This package is designed to improve LLMs alility of handling long contexts, which can enhance LLMs to address retrieval task in infinite-length.

These details have not been verified by PyPI

Project links

Homepage

License
- OSI Approved :: MIT License
Operating System
- OS Independent
Programming Language
- Python :: 3

Project description

Infini-Retri Package

https://github.com/MrYxJ/InfiniRetri/

How to use

Firstly, you can only using pip install package infini-retri to get our method.

pip install infini-retri==0.0.2

Our Method Initialization

It's very convenient. You just need to pass in the model and its tokenizer directly, or you can simply passing in the model name or path. Additionally, it should be noted that our method can only using in tranditional attention-based Transformer, and the parameter of "attn_implementation" currently only using "eager".
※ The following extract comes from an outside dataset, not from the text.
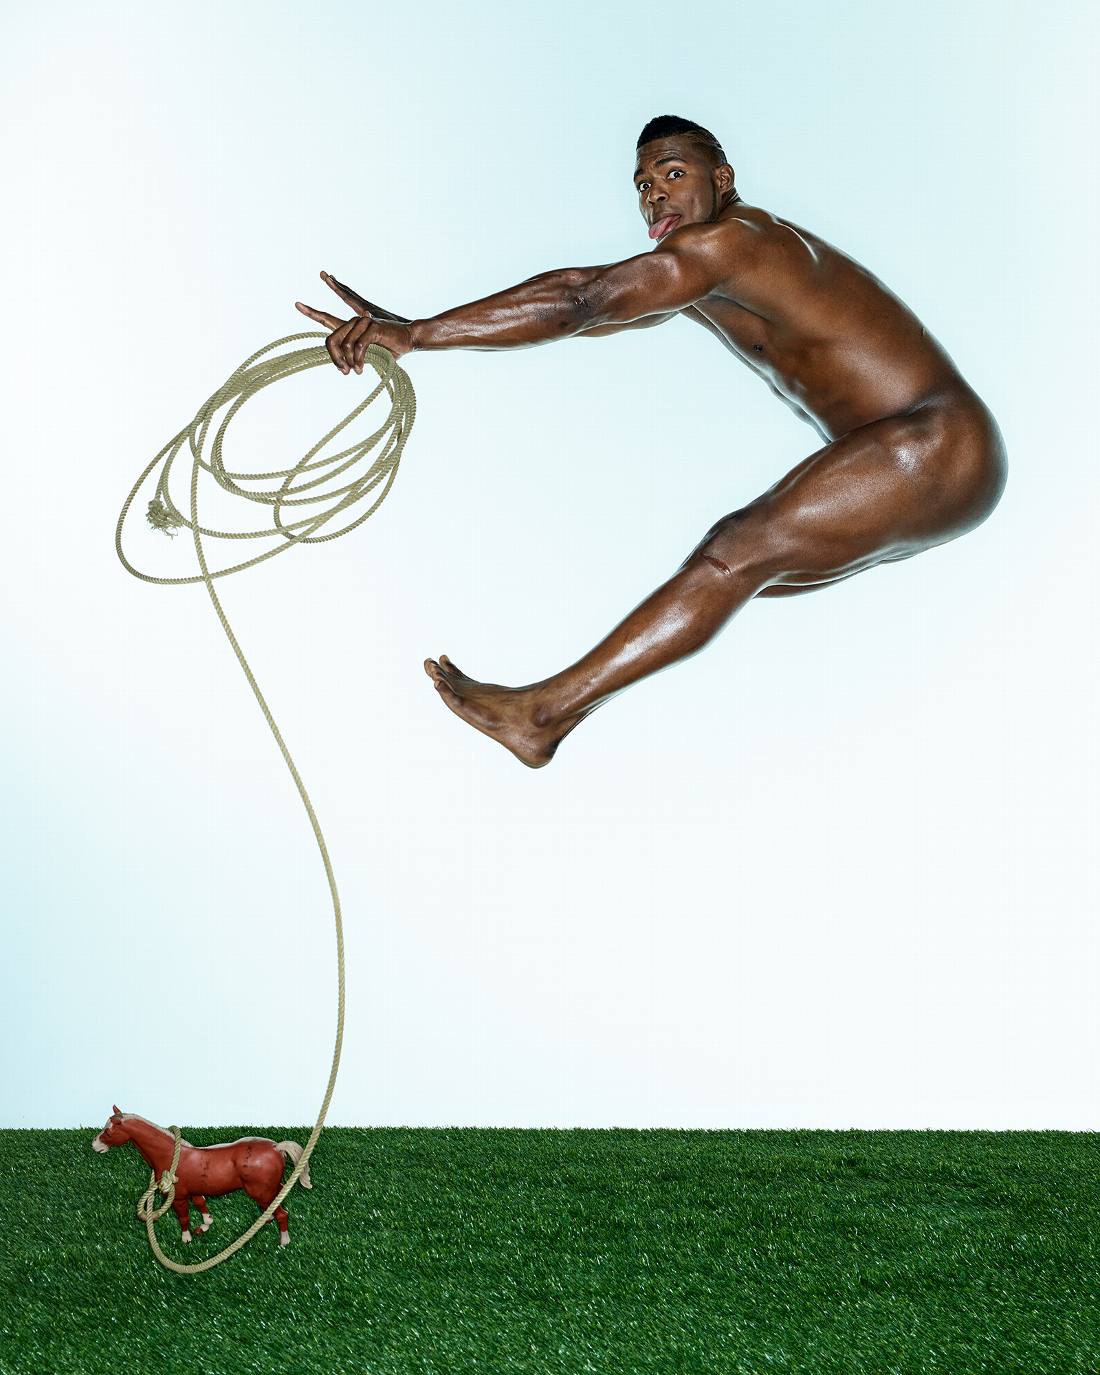 Yasiel Puig on X: After 4 years I finally decided to do these amazing and  incredible pictures with @espnmag I hope everyone enjoyed them as much as I  did. Thank you @espnmag

from infini_retri import InfiniRetri

model_name_or_path = "Qwen/Qwen2.5-0.5B-Instruct" #  "./models/Qwen2.5-0.5B-Instruct"
model = AutoModelForCausalLM.from_pretrained(model_name_or_path, attn_implementation="eager") # attn_implementation only using "eager"
tokenizer = AutoTokenizer.from_pretrained(model_name)

ir = InfiniRetri(model, tokenizer)
# ir = InfiniRetri(name_or_path=model_name_or_path)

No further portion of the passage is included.